### Problem description:
I'd like the full listing transcribed exactly, with no images included.

### Available data:

########################################

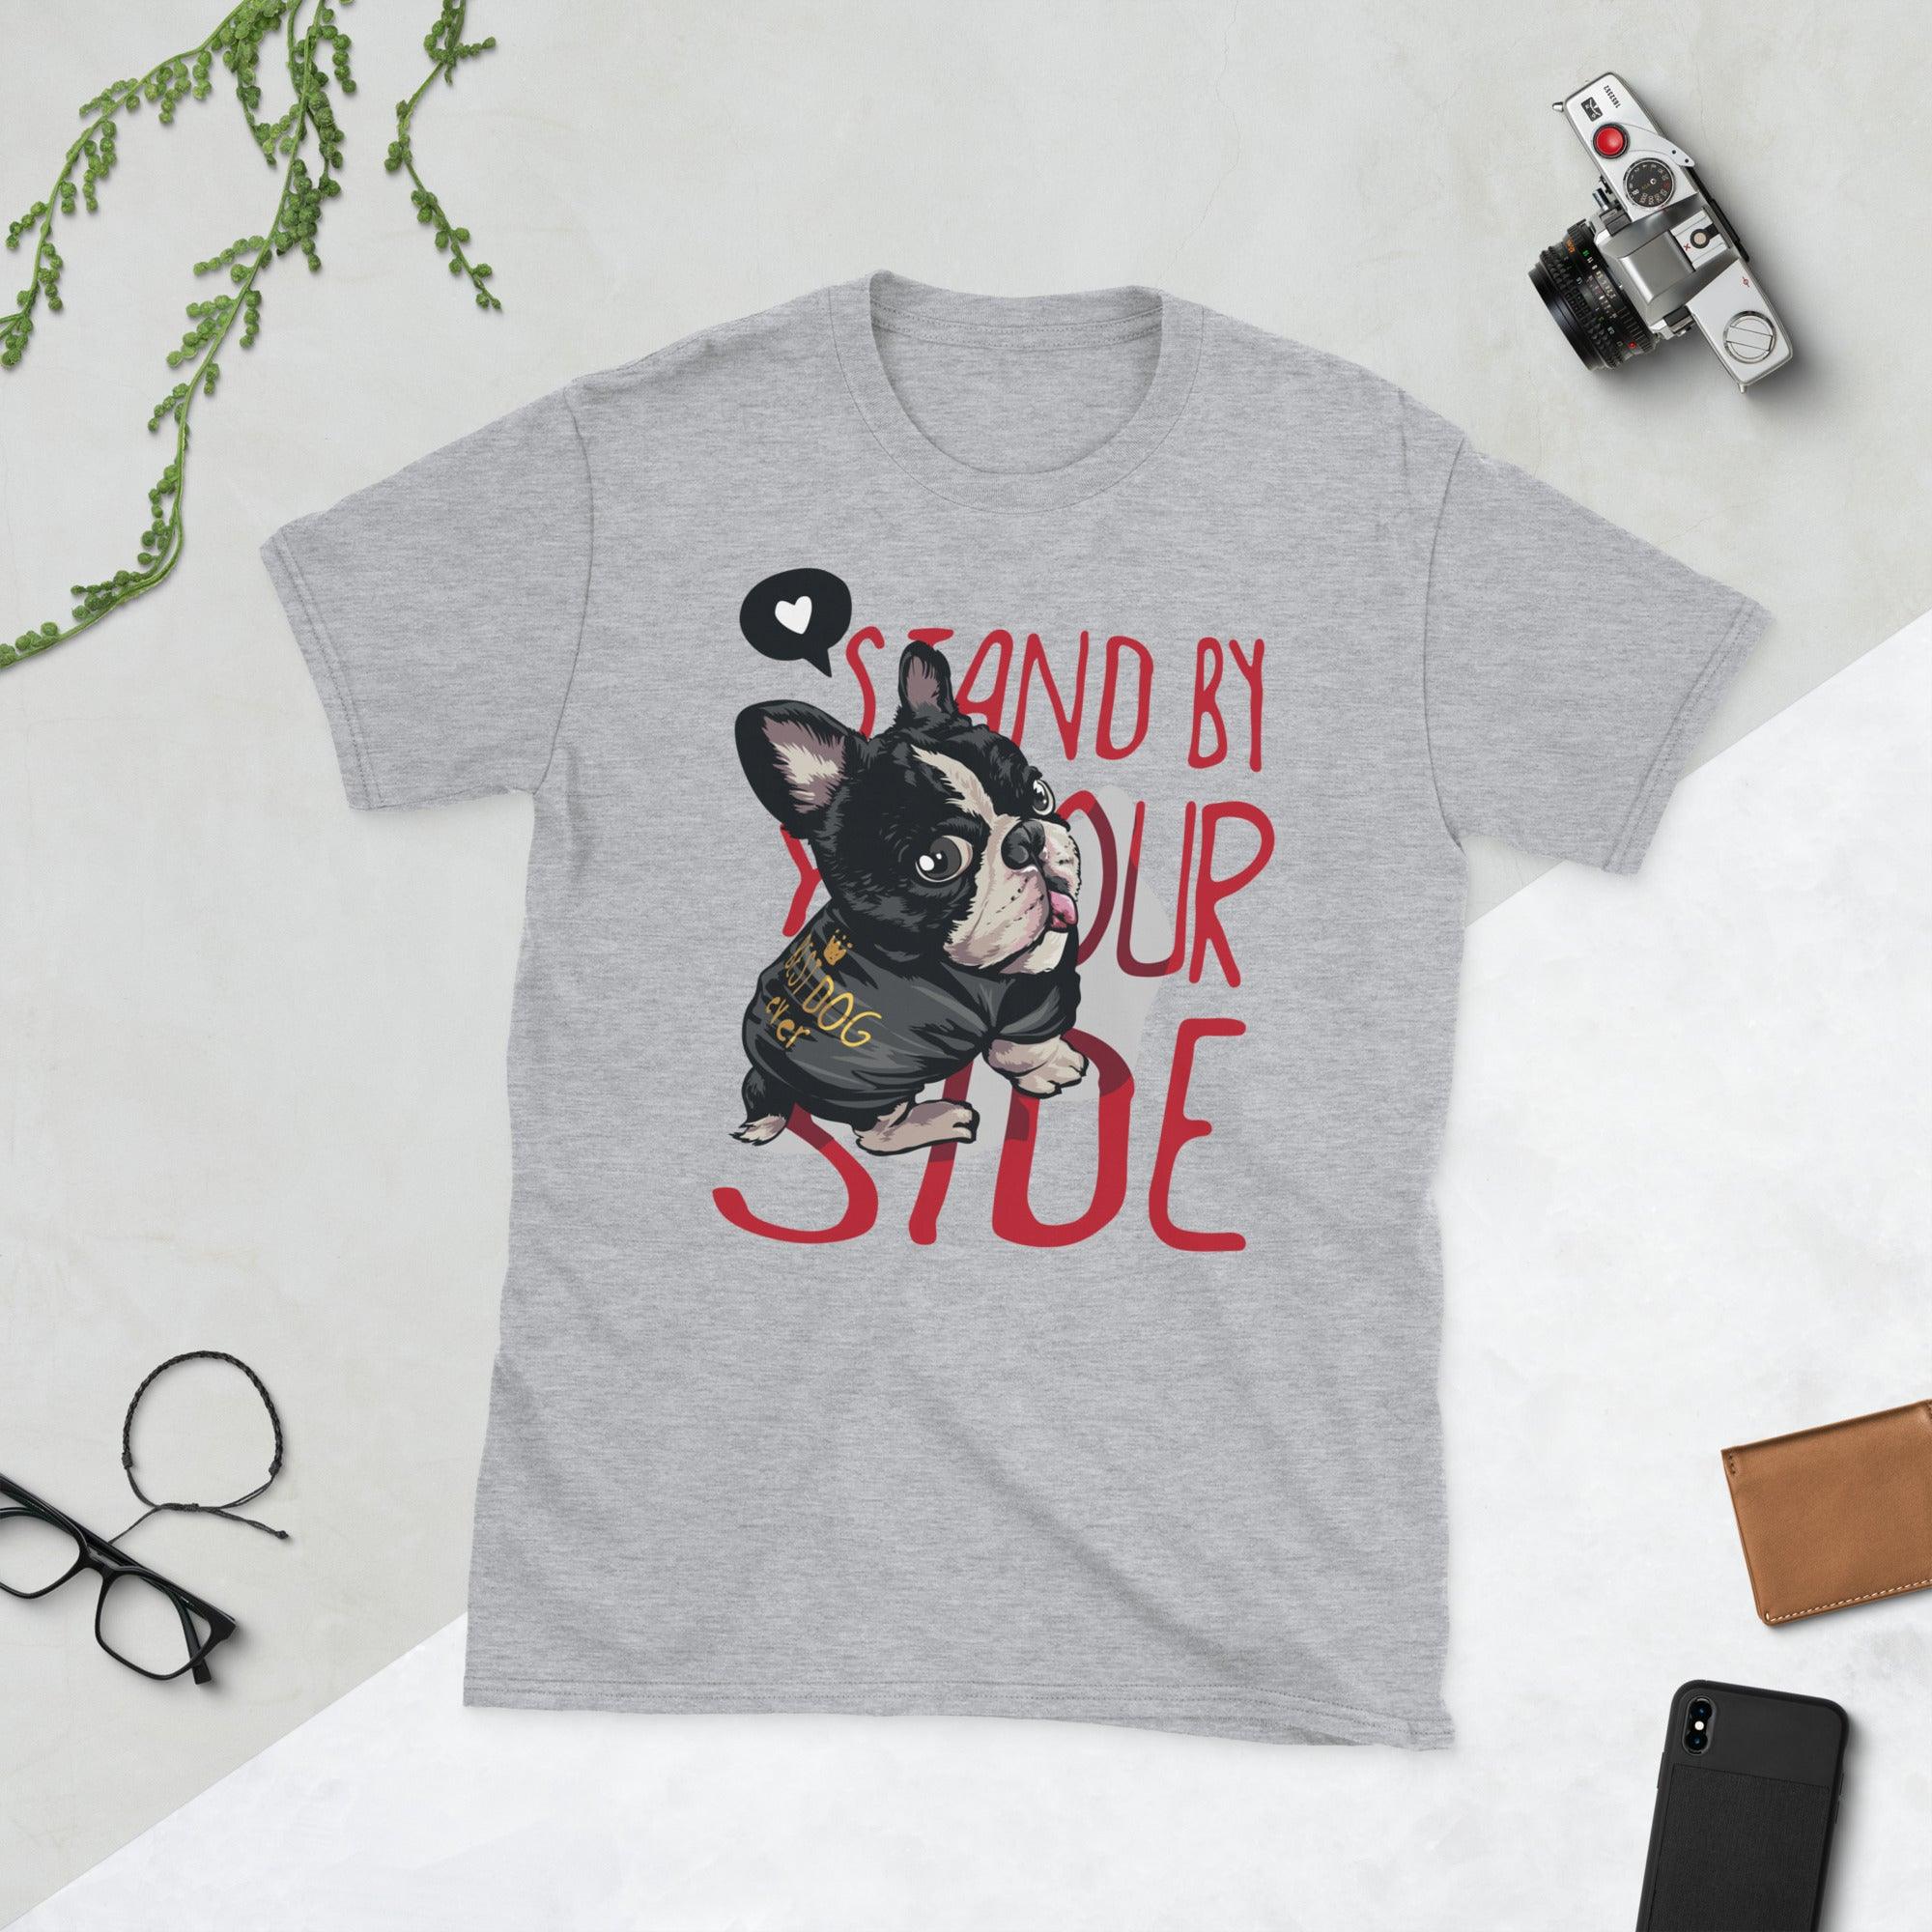 Short-Sleeve Unisex T-Shirt Stand By Your Side - Canvazon
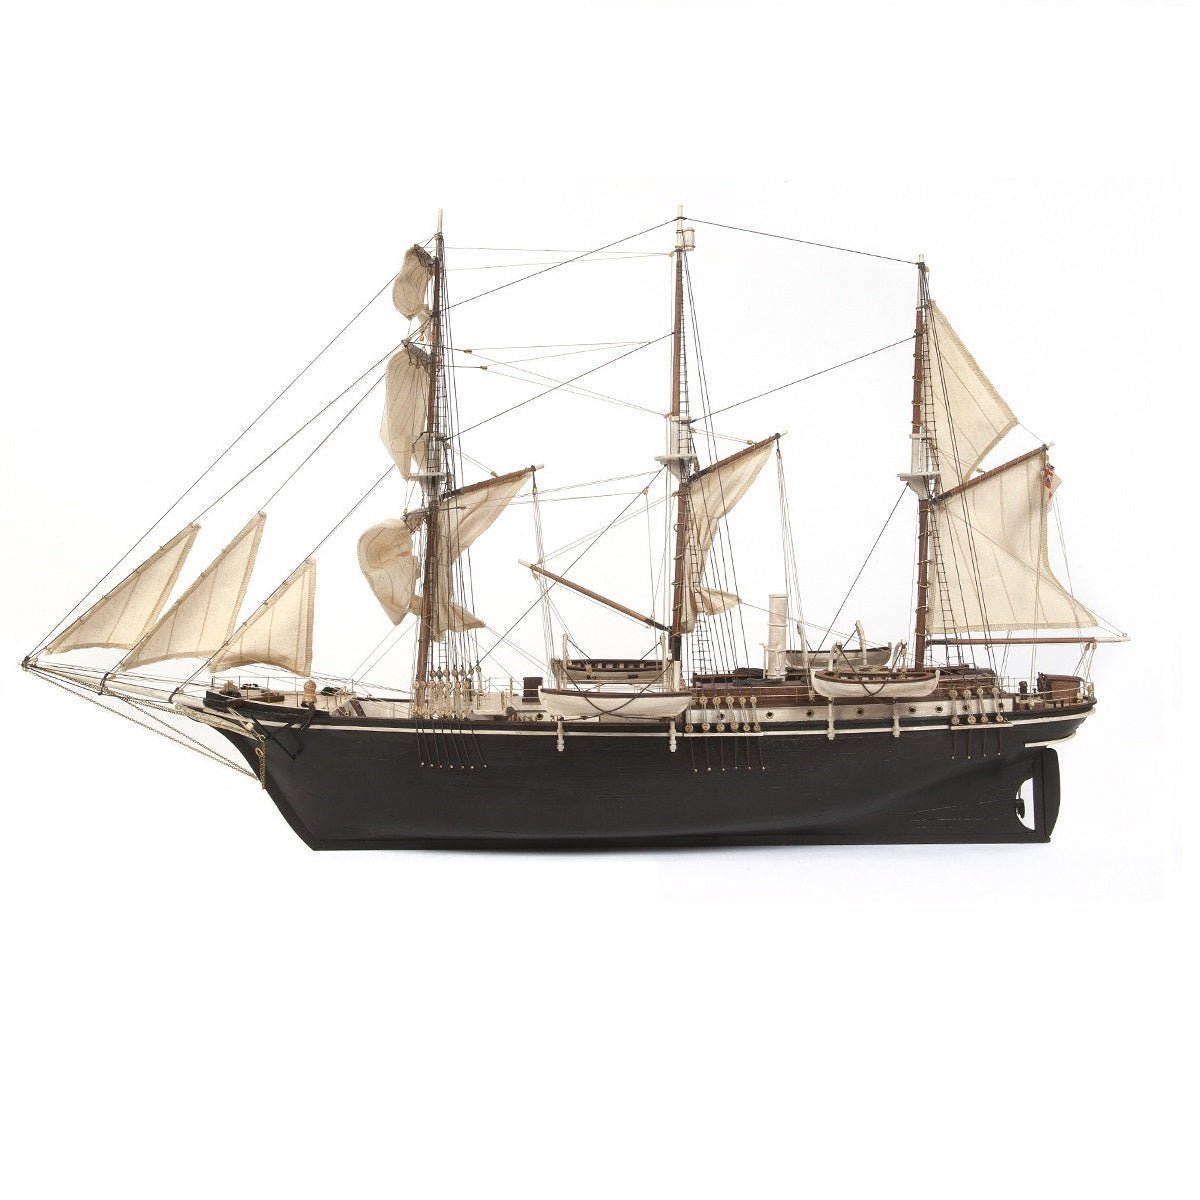 OcCre® Endurance Wooden Ship Kit, 1/70 Scale
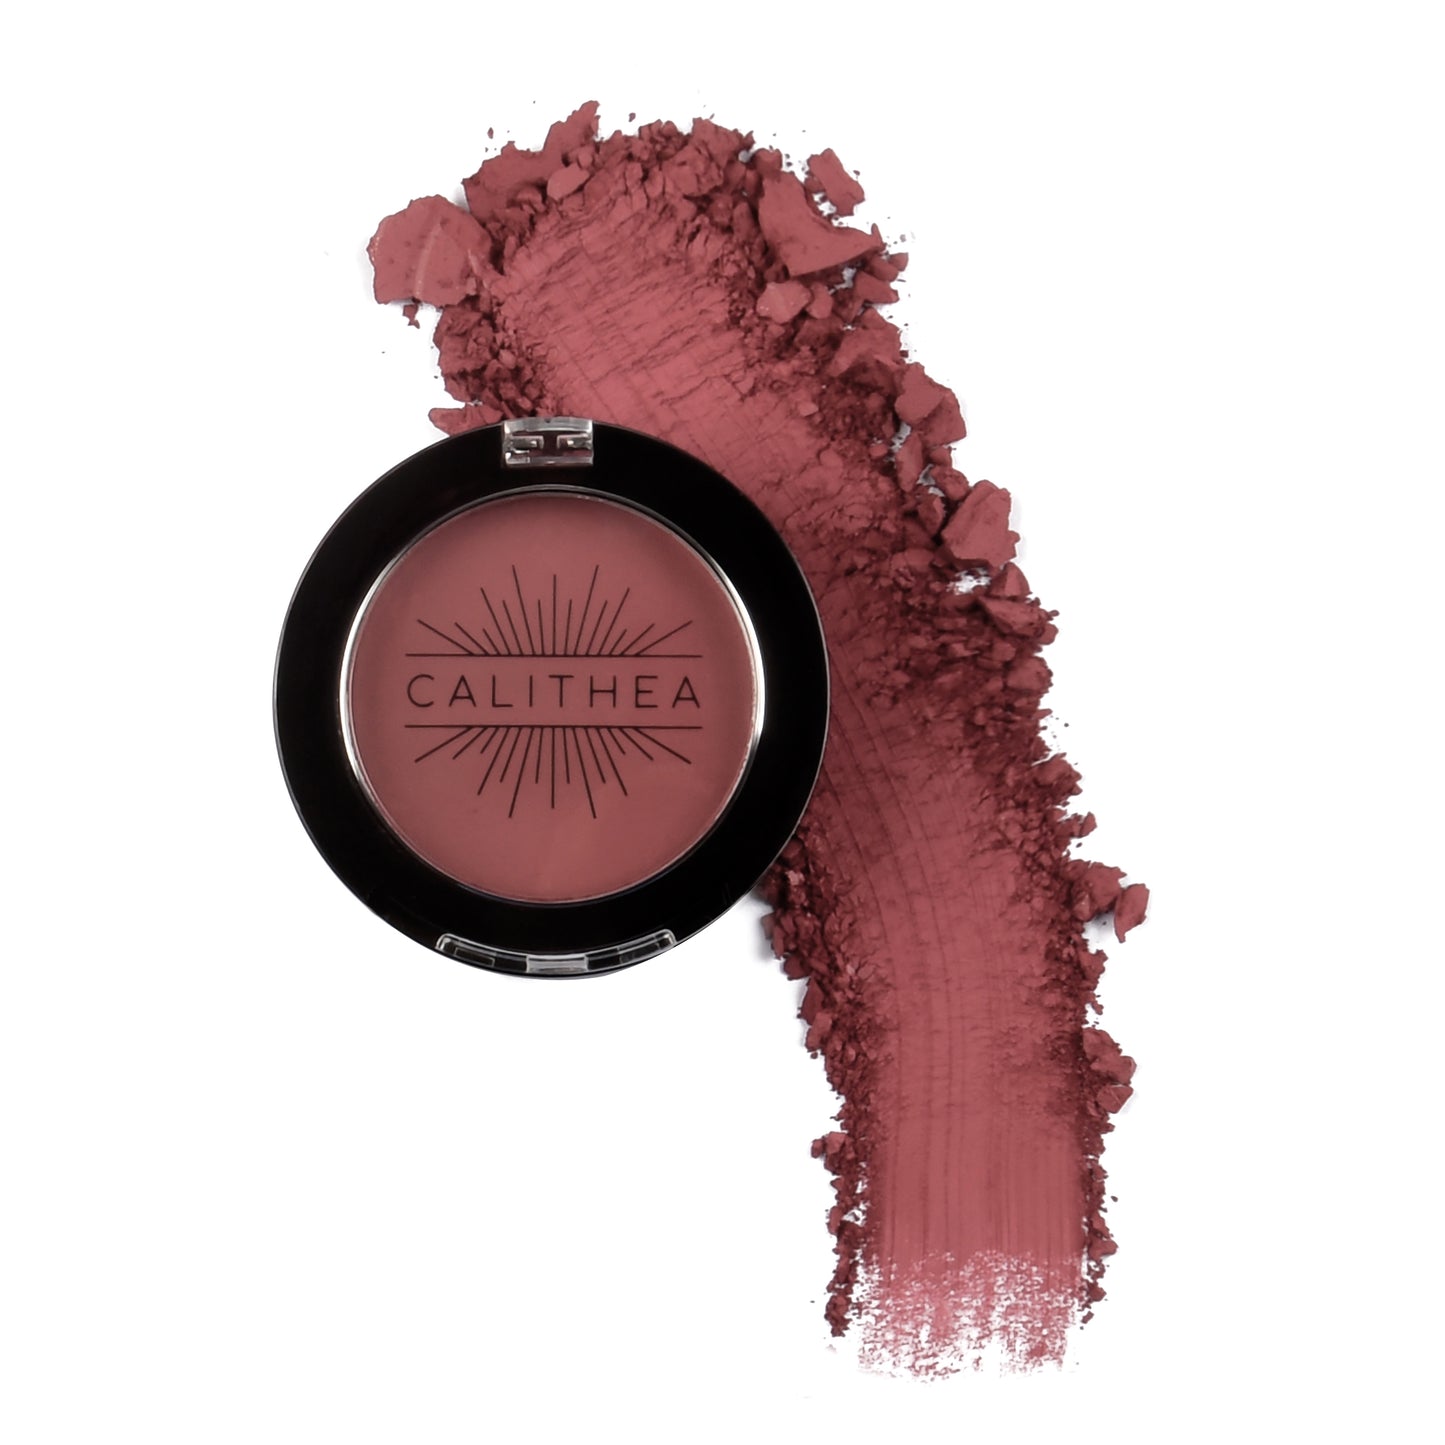 Pressed Powder Blush by Calithea.co

########################################

### Response to this exercise:
 Short-Sleeve Unisex T-Shirt Stand By Your Side - Canvazon
 OcCre® Endurance Wooden Ship Kit, 1/70 Scale
 Pressed Powder Blush by Calithea.co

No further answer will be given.